Cloning and Expression of Protease SpP1 Gene and Characterization of Enzymatic Properties

doi:10.13560/j.cnki.biotech.bull.1985.2023-0813

Abstract

Abstract:

【Objective】The protease gene of Spirulina was cloned and expressed, and the enzymatic properties of recombinant enzyme were investigated, which lays a foundation for the further research of algal protease.【Method】The protease gene SpP1 was amplified from the genome of Spirulina platensis, and the pET28a-SpP1 recombinant plasmid was constructed, which was transfected into Escherichia coli BL21（DE3）to achieve heterologous expression, and the recombinant protease was isolated and purified by using a nickel column to study its enzymatic properties.【Result】The protease SpP1 was a member of the serine protease family, with a molecular weight of 47.04 kD, and its optimal temperature and pH values were 50℃ and 8.0, respectively; its thermal stability was poor, and it had a good acid-base stability in the pH=8.0-9.0 range.
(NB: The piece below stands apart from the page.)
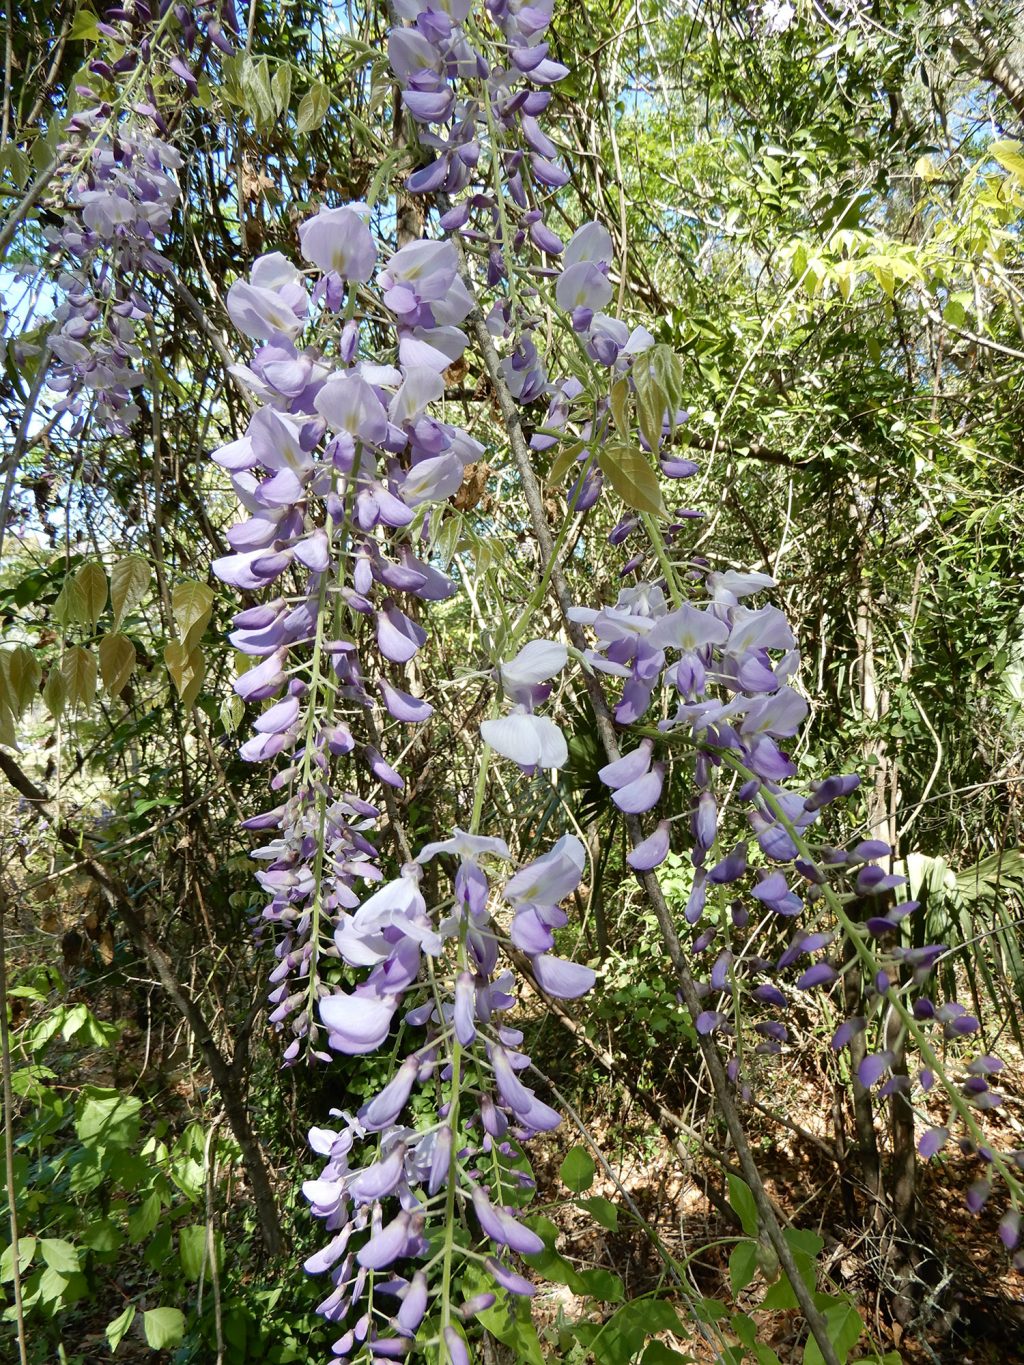 Chinese wisteria flower clusters

When casein was used as the substrate, the maximum reaction velocity V_max=8.237 U/mL, and the Michaelis constant K_m=16.369 μg/mL. The activity increased by 18-fold with the addition of 0.1 mol/L Mn ²⁺. Also 0.1 mol/L Fe³⁺, Zn²⁺, Ca²⁺, ethylenediaminetetraacetic acid（EDTA）had a significant promotion effect on the enzyme activity.【Conclusion】The protease SpP1 has the typical structure and property characteristics of serine protease family members, with good acid-base stability, and the addition of manganese ions can effectively enhance its catalytic activity.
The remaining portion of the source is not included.